#### DATA PROVIDED

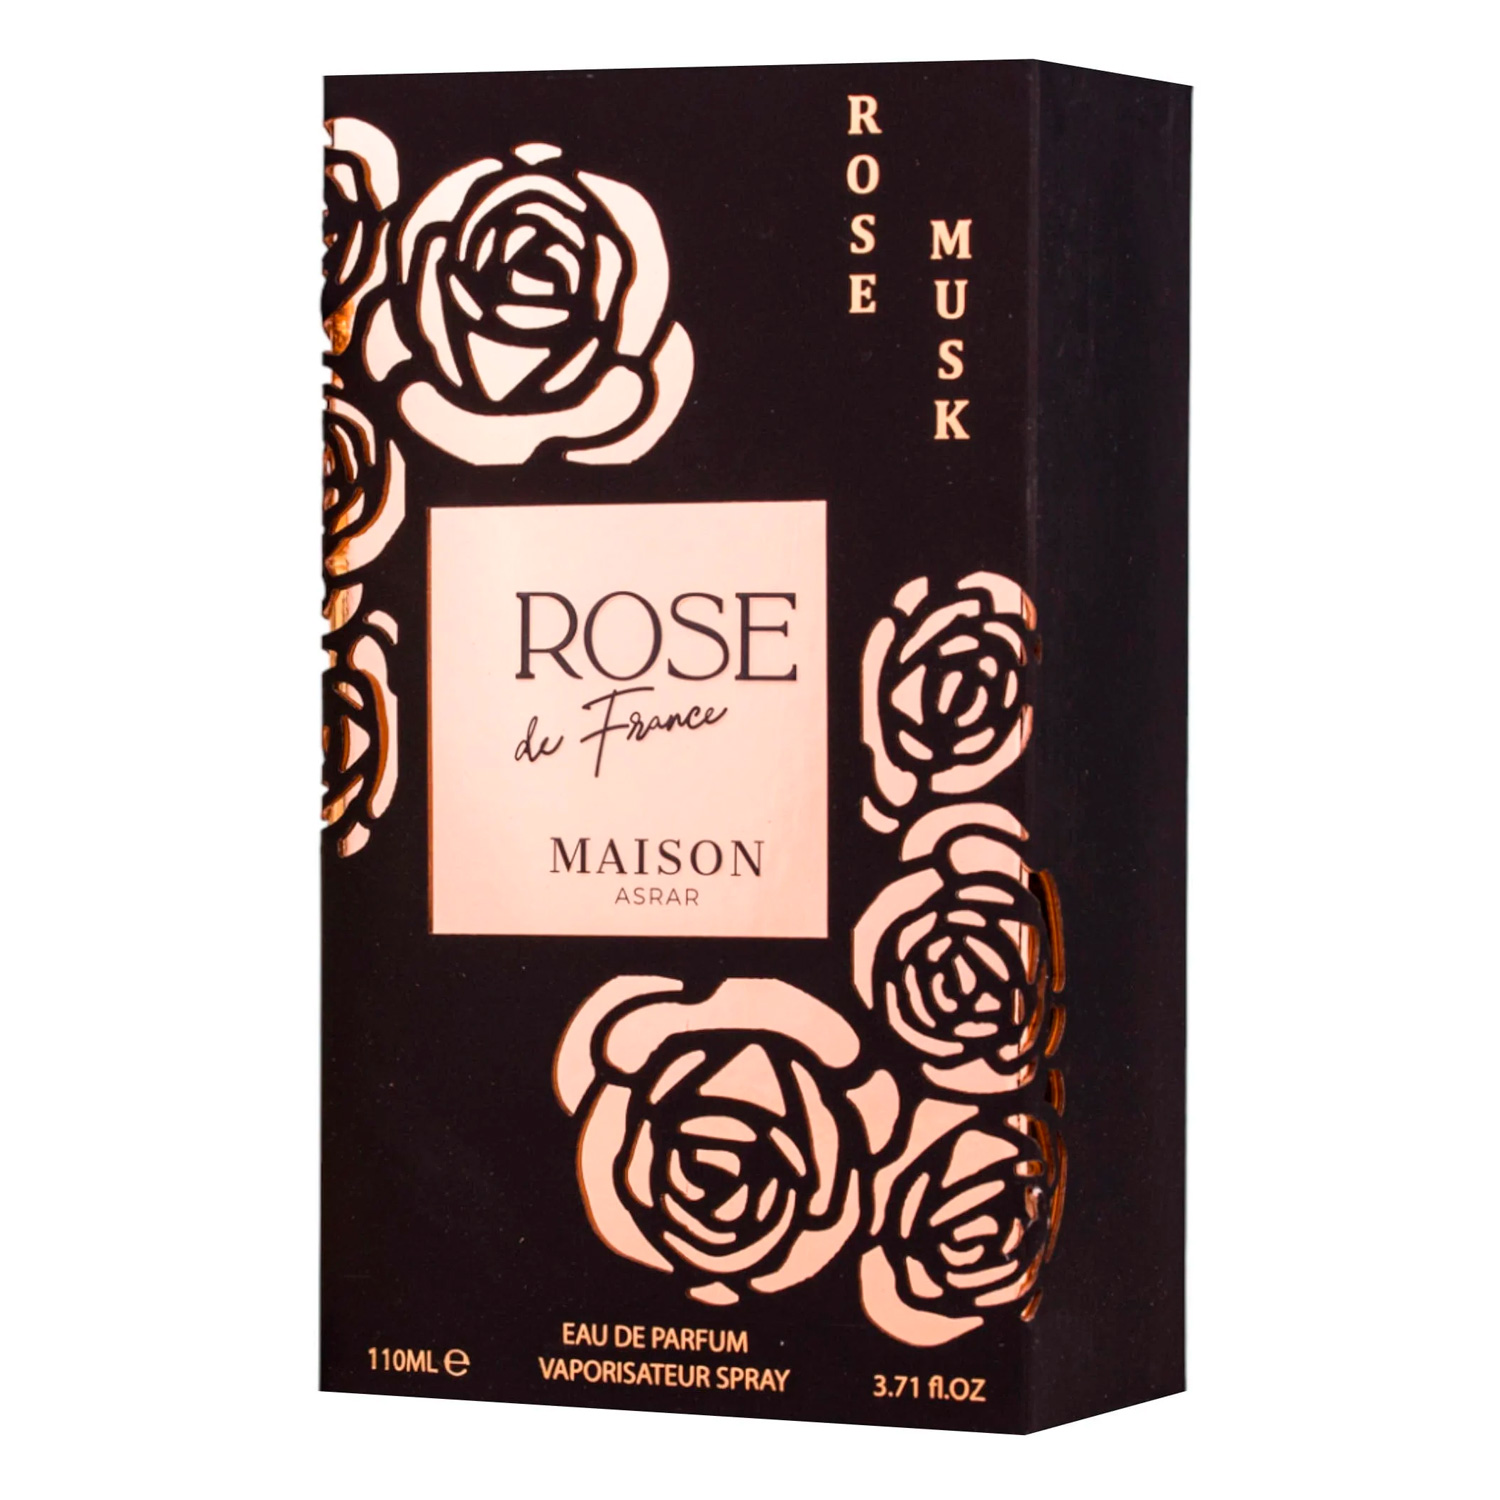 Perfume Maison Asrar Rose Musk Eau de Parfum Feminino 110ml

########
#### DATA PROVIDED

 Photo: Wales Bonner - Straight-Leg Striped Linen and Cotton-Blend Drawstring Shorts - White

########
#### DATA PROVIDED

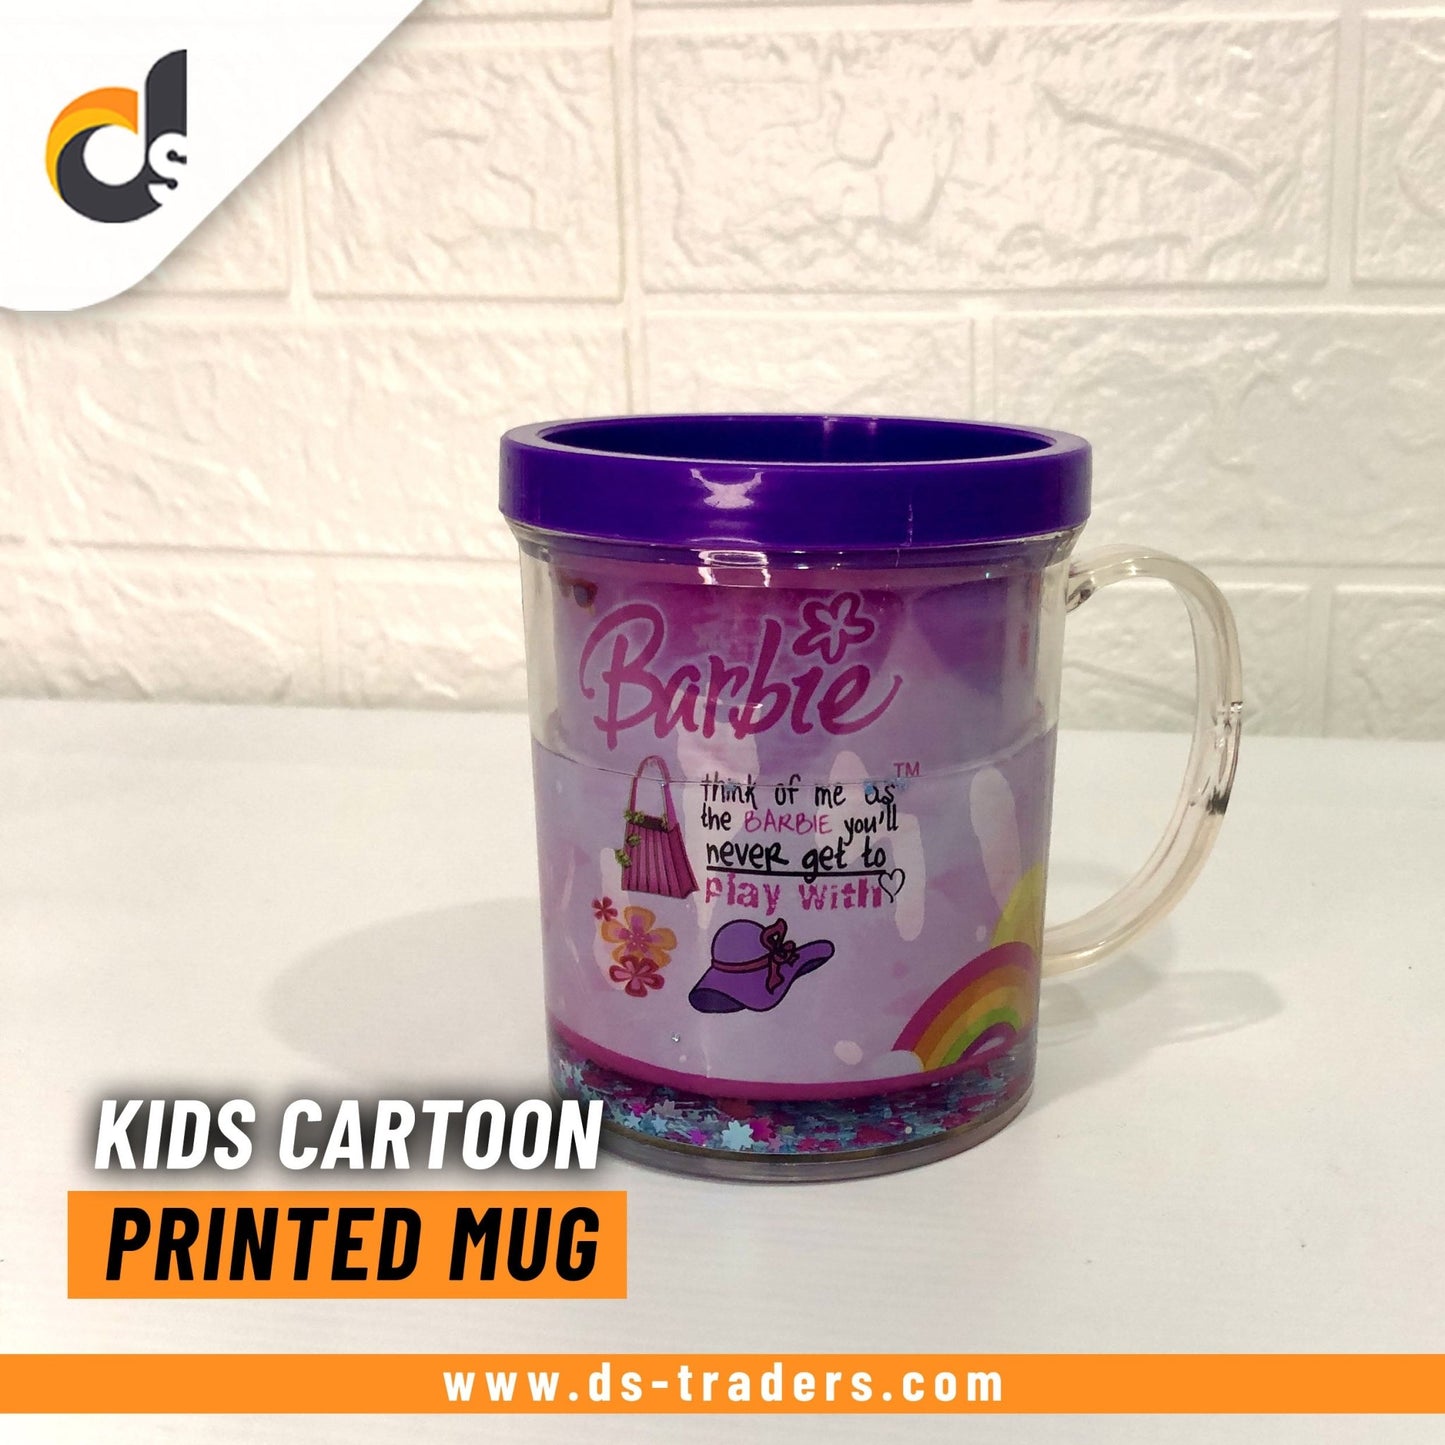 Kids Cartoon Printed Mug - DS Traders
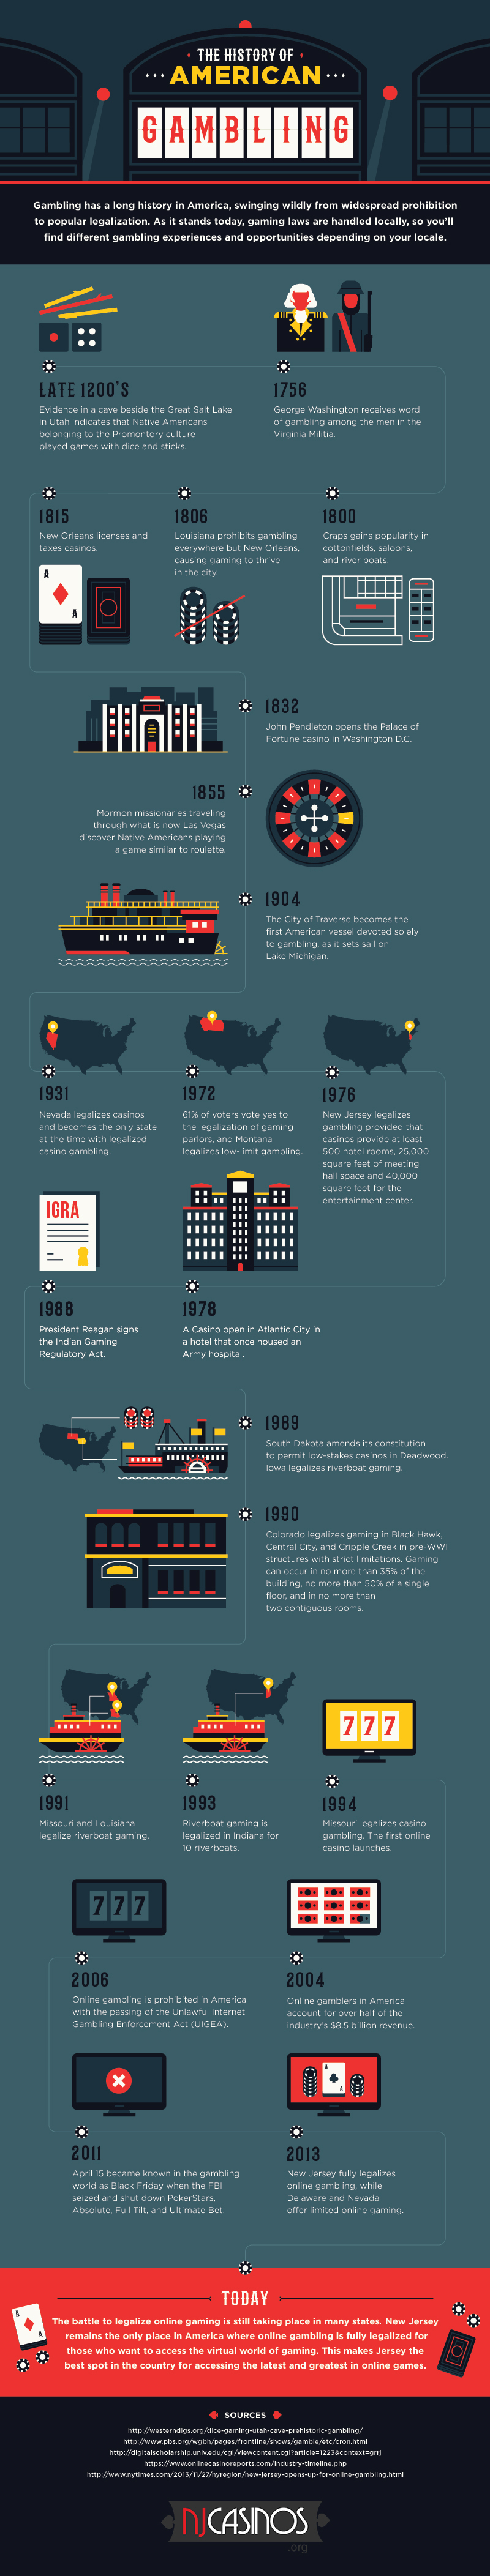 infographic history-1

########

◆ **WORK INSTRUCTION**:
In the listing above, find the line containing "Kids Cartoon Printed Mug - DS Traders" and the line containing "infographic history-1", then print exactly those two lines and every line between them, minus the pictures.

◆ **EXPECTED OUTPUT**:
 Kids Cartoon Printed Mug - DS Traders
 infographic history-1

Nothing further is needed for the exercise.